Wednesday June 20, 2018, a talk was given by Wolfgang Lubitz,
Max-Planck-Insttute of chemical energy conversion, Mülheim, Germany.Title: "Structure and function of [NiFe] hydrogenases probed by spectroscopic and electrochemical techniques."Abstract: Hydrogenases catalyze the reversible heterolytic splitting of H2 at binuclear (NiFe or FeFe) metal centers. Understanding how these enzymes achieve their highg efficiencies is key to developing molecular catalysts for H2 conversion and production. To shed light on the catalytic cycles of these enzymes, intermedates are trapped and characterized by electrochemical and spectroscopic methods, using mostly vibrational spectroscopy and magnetic resonance techniques. The obtained parameters are verified by DFT calculations. The [NiFe] hydrogenases are quite well understood; important results are briefly reviewed. The field of [FeFe] hydrogenases has recently been revolutionized by the discovery of artificial maturation. The focus of this lecture will therefore be on these enzymes.

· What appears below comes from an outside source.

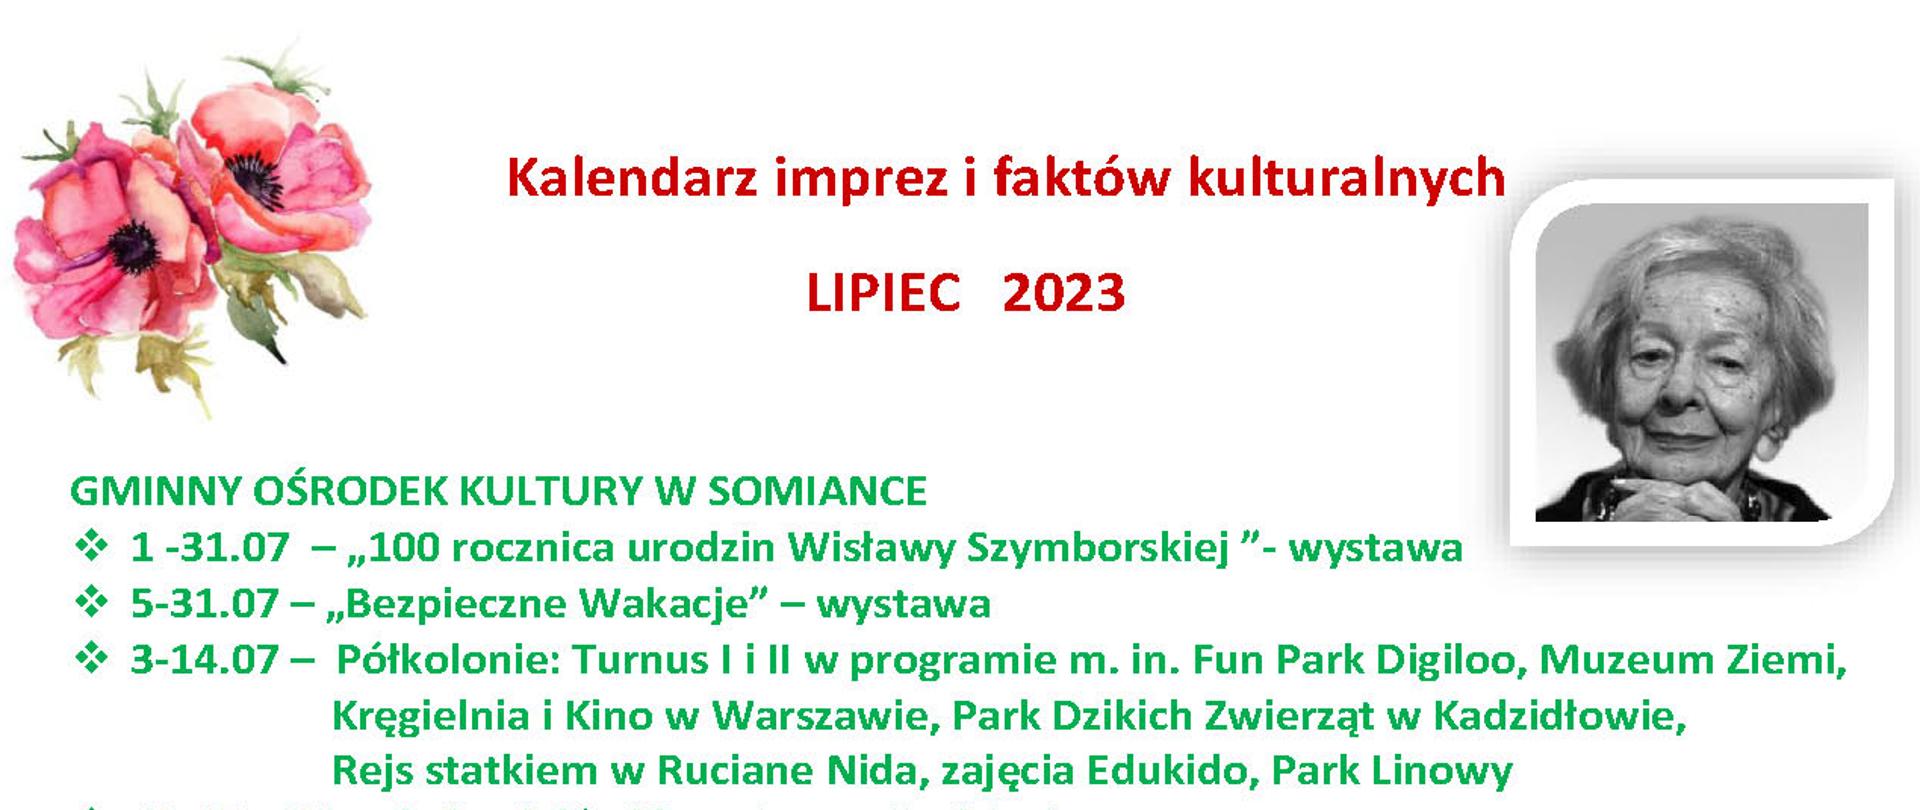 Kalendarz zajęć LIPIEC 2023

Wednesday May 16, 2018, a talk was given by Yogi Surendranath, Paul M. Cook Career Development Assistant Professor, Department of Chemistry, MIT

Title: "Bridging Molecular and Heterogeneous Electrocatalysis Through Graphite Conjugation"

Abstract: The efficient interconversion of electrical and chemical energy requires catalysts capable of accelerating complex multi-electron reactions at electrified interfaces. These reactions can be carried out at the metallic surface sites of heterogeneous electrocatalysts or via redox mediation at molecular electrocatalysts. Molecular catalysts yield readily to synthetic alteration of their redox properties and secondary coordination sphere, permitting systematic tuning of their activity and selectivity. Similar control is difficult to achieve with heterogeneous electrocatalysts because they typically exhibit a distribution of active site geometries and local electronic structures, which are recalcitrant to molecular-level synthetic modification. However, metallic heterogeneous electrocatalysts benefit from a continuum of electronic states which distribute the redox burden of a multi-electron transformation, enabling more efficient catalysis. We have developed a simple synthetic strategy for conjugating well-defined molecular catalyst active sites with the extended states of graphitic solids. Electrochemical and spectroscopic data indicate that these graphite-conjugated catalysts do not behave like their molecular analogues, but rather as metallic active sites with molecular definition, providing a unique bridge between the traditionally disparate fields of molecular and heterogeneous electrocatalysis.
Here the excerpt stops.